Applying for Cancellation of Removal as a Green Card Holder
Cancellation of removal is a form of immigration relief that is commonly sought by legal permanent residents in the U.S. who have been placed in removal proceedings. You can read more here about its eligibility requirements. The process of applying for cancellation involves a combination of completing certain forms and gathering substantial evidence to persuade the judge that you deserve to stay in the U.S., even though you are technically removable.
Once you convince the judge that you meet the threshold requirements to apply for cancellation, you will need to submit Form EOIR 42A. This covers information regarding your employment, your family members, and your activities during your residence in the U.S. While parts of the form contain questions related to the basic eligibility requirements, other parts are designed to elicit information that will guide the judge in deciding whether you deserve to stay in the U.S. You can consult an immigration attorney to advise you on how to complete the application in a manner that is honest but also presents your case in the best possible light. You will need to pay a modest filing fee and also go to a biometrics (fingerprinting) appointment, which involves an additional fee.
Evidence for Threshold Requirements
You will need to make sure that you include documents to establish each of the threshold requirements for eligibility.
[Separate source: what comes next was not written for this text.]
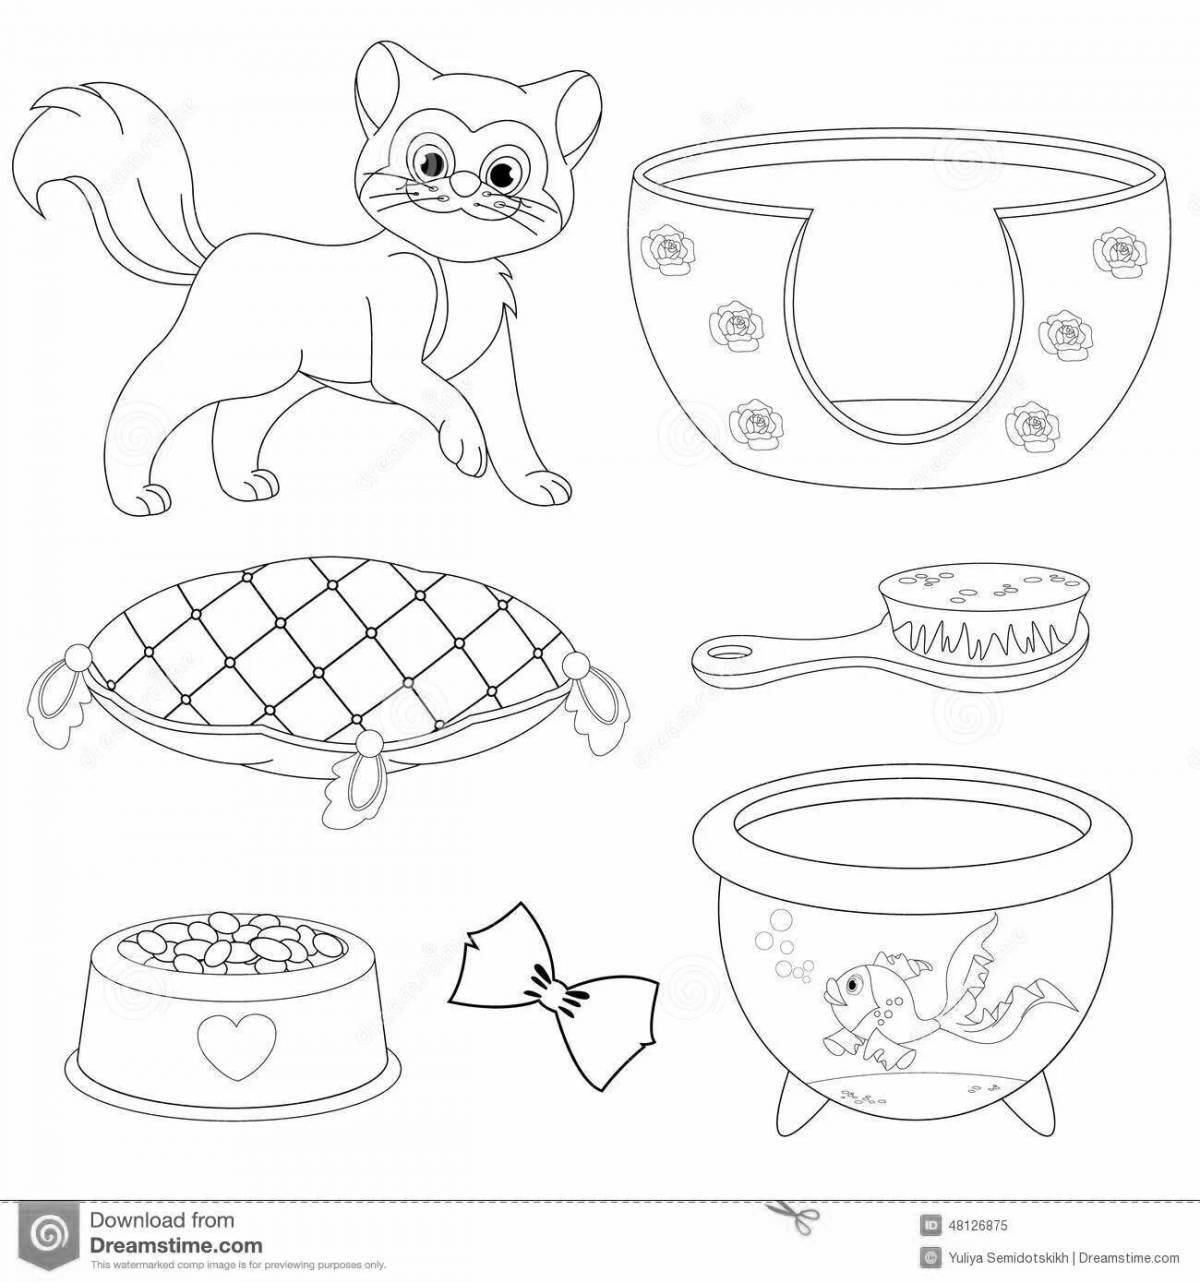 Spectacular cat food coloring page

Some documents may help prove more than one requirement. Evidence related to your residence in the U.S. might include your green card and Form I-94, documents related to your ownership or lease of property, any marriage certificate, birth certificates of children born in the U.S., records of jobs held in the U.S., and tax records. You also might submit affidavits from family members, friends, employers, and others who are aware that you meet the residence requirement, although this is not always necessary.
The biometrics analysis will lead to information about any criminal record that you may have. Since you will need to prove that you have not been convicted of an aggravated felony, you will need to provide certified dispositions of any arrests on your record.
Evidence for Discretionary Review
You should not underestimate the importance of proving that you deserve to keep your green card, once you have met the technical eligibility requirements. This requires the judge to make a subjective decision, so you will want to show that the humanitarian reasons for your continued presence in the U.S. outweigh the reasons why the government believes that you should be removed. The judge will consider not only the specific charge of removability that forms the basis of the proceedings but also any other history of criminal activity or immigration violations.
To counterbalance any adverse factors, you will want to show that you have strong family connections to the U.S., and your family members would suffer a hardship if you were required to leave the country. These family members can testify on your behalf at the hearing. You also will want to provide any evidence showing that you have held a steady job, contributed to the community, and spent a long time in the U.S. If you have criminal convictions, you can try to show that you have turned a new leaf and undergone rehabilitation from your crimes.